One day during my senior year, while searching for a cloistered nook in which to puke, I spotted Scott, already retching. And then it happened again. I saw him heaving his brains out over a trash can. And again, and again. A few times, I even saw him dart from the track halfway through a workout to throw up, and then come back and finish the intervals. Turns out, he was as tough as titanium screws. I wasn’t gaining on him from the start to the finish of each season because I was outworking him. Late in my college career he and I were doing the
exact
same workouts, stride for stride. Perhaps I was gaining on him because I had a low baseline and a
rapid training response. Long before I had ever even heard of HERITAGE or high and low “responders,” I would literally start each season with the same positive self-talk: “Don’t worry, they’ll all be in better shape, but you respond to training like it’s rocket fuel.”
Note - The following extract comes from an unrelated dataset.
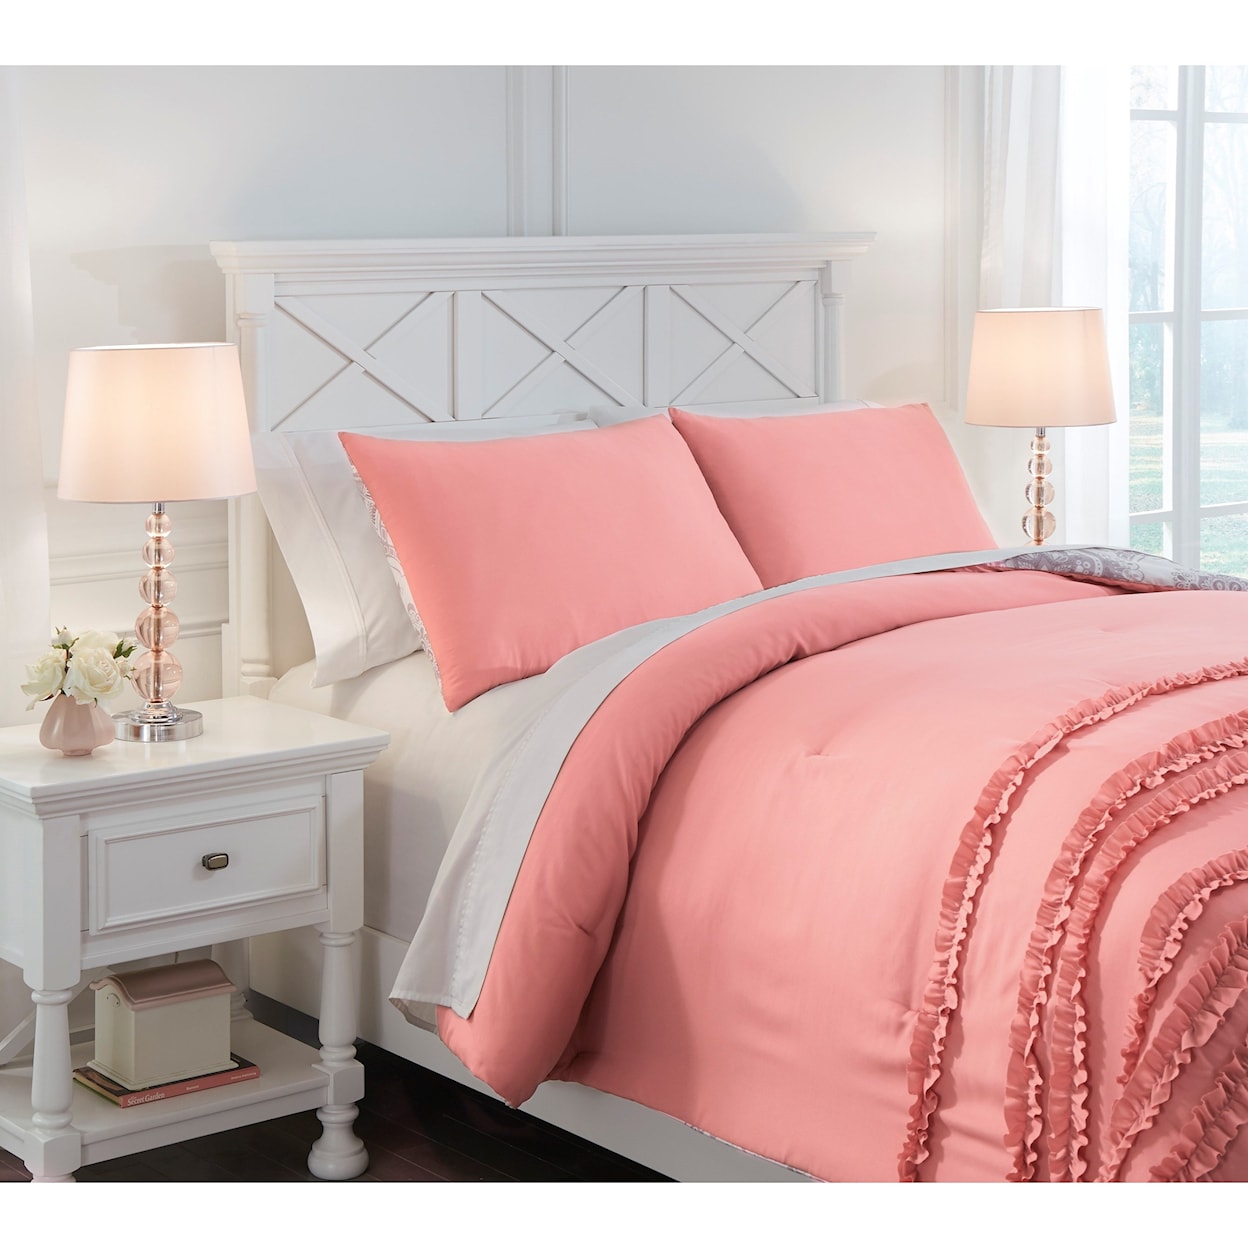 Signature Design by Ashley Bedding Sets Full Avaleigh Pink/White/Gray Comforter Set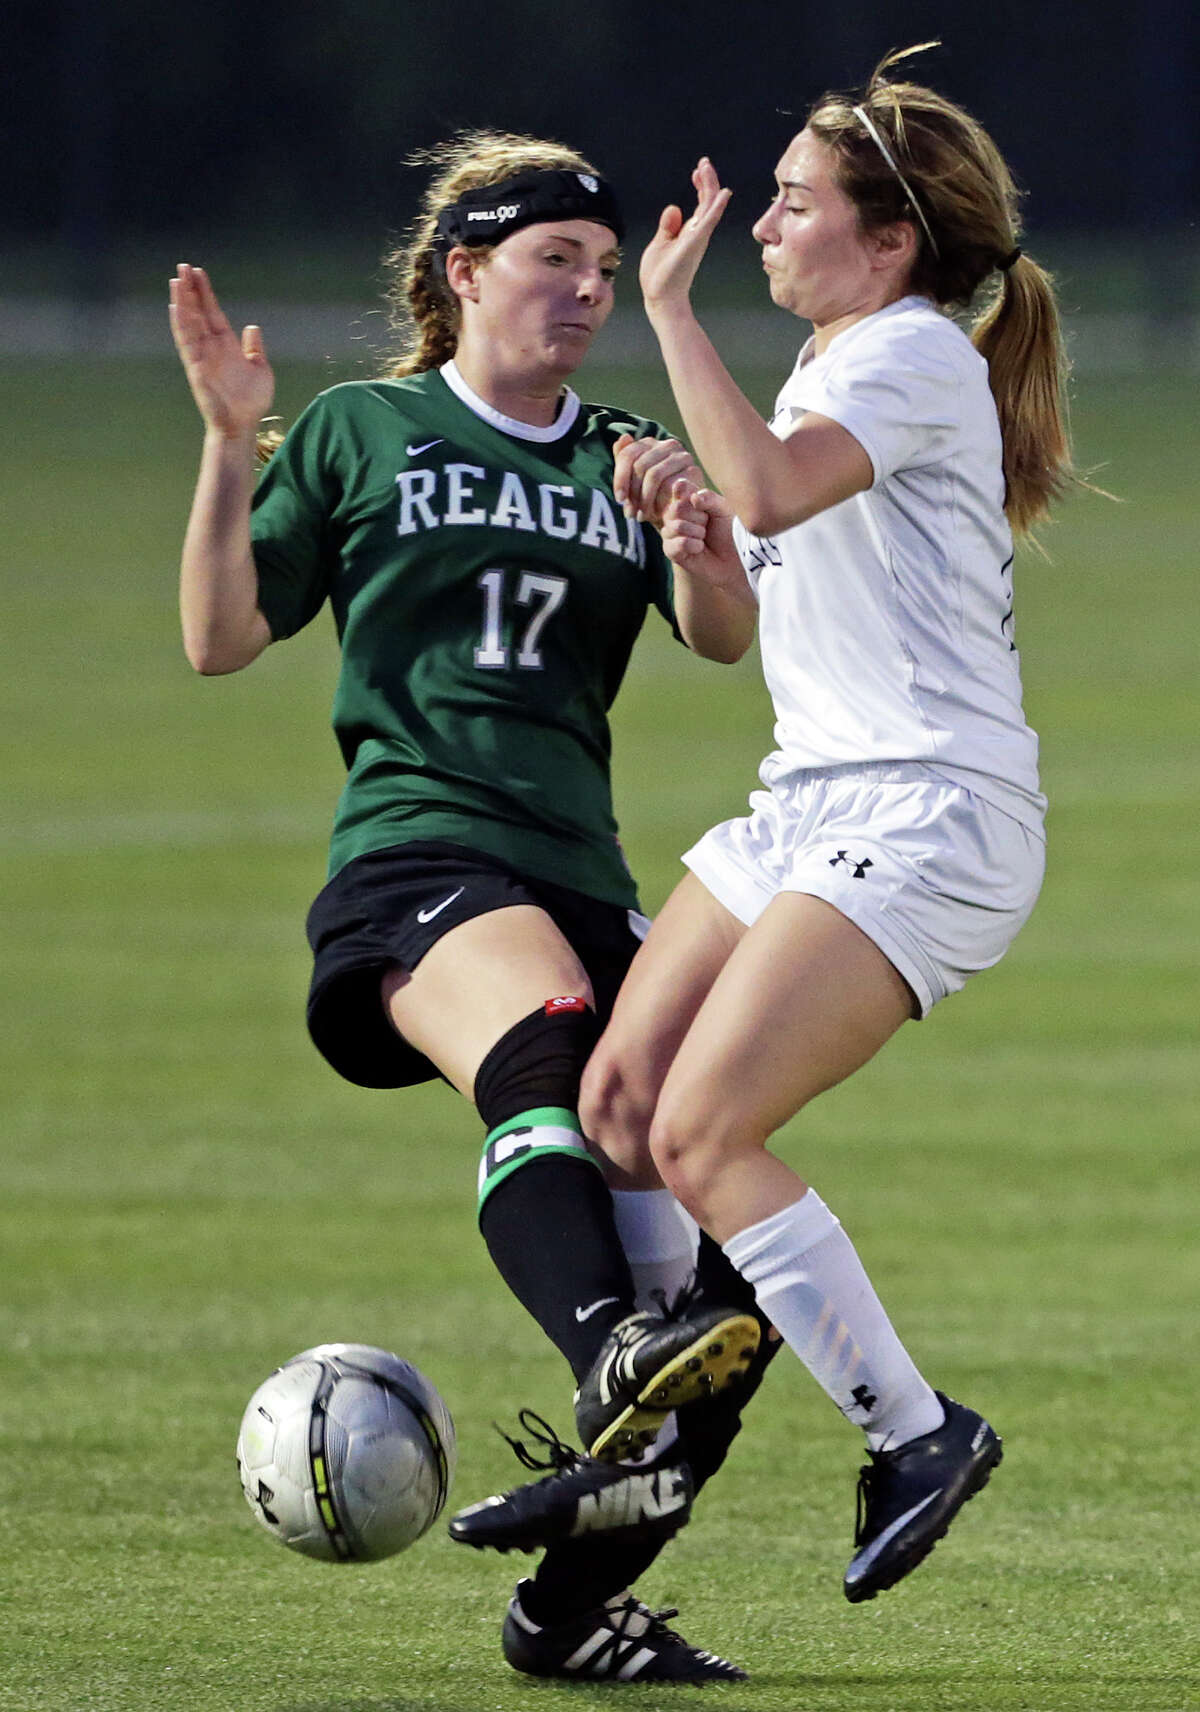 Sarah Grace Freeman collides with the Rangers' Gabby Rodriguez (right) as the Reagan girls beat Smithson Valley 1-0 in third round 6A soccer playoffs at the UTSA Park West Complex on April 7, 2015.

When one HERITAGE study scientist examined some of my genetic data, he indicated that I am likely an above-average responder to aerobic training. I also know that my blood pressure drops rapidly when I exercise. And I suspect, based on the kind of training that most benefited me in college, that I am an even greater responder to sprint-based workouts. Just as for aerobic training, low and high responders have been documented in experiments that use training programs based on explosive exercise. (If there is a lesson to be gleaned from this branch of exercise genetics, it’s that there is no one-size-fits-all training plan. If you suspect that you aren’t responding as well to a particular training stimulus as your training partner, you might be right. Rather than giving up, try something different.)